• Record extracts:

· · · · ·

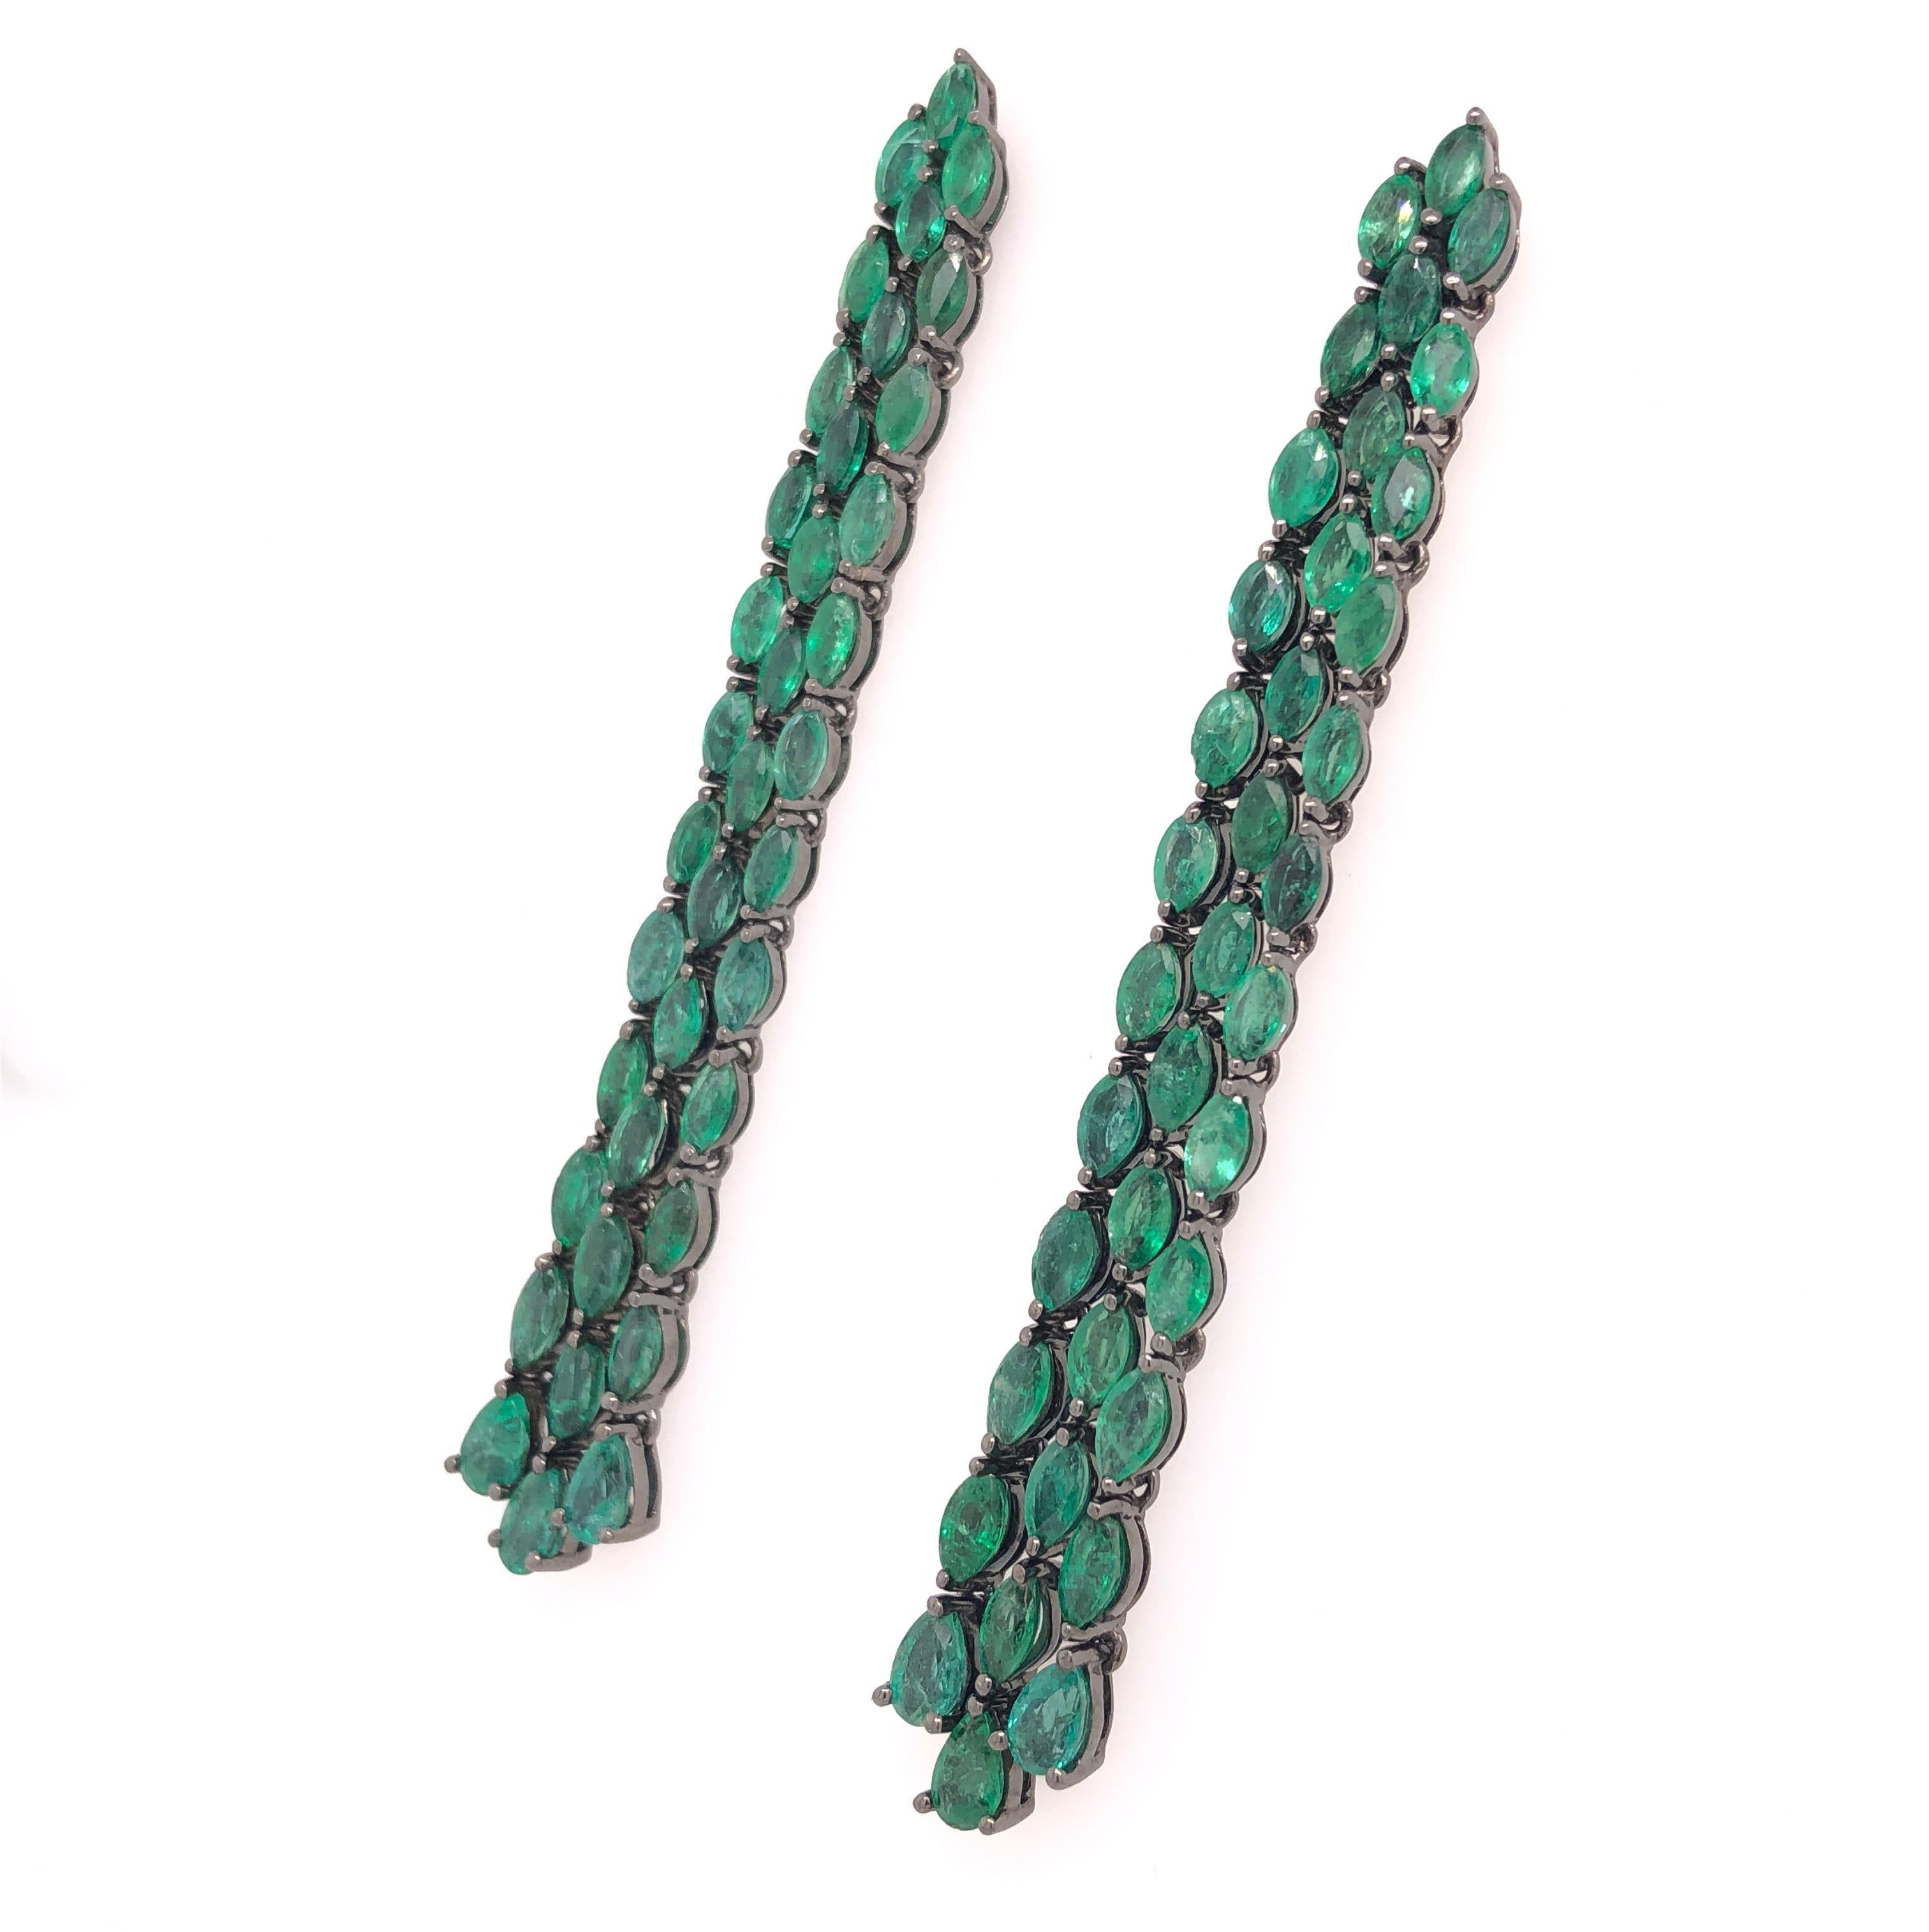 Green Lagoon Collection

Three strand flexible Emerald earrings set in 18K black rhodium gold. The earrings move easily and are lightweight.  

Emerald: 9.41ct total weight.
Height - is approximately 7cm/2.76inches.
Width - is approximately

· · · · ·

• Task statement: Exactly reproduce the lines of the entries above, from the one containing "Height - is approximately 7cm/2.76inches." to the very last, and no others.

• Response for this exercise:
Height - is approximately 7cm/2.76inches.
Width - is approximately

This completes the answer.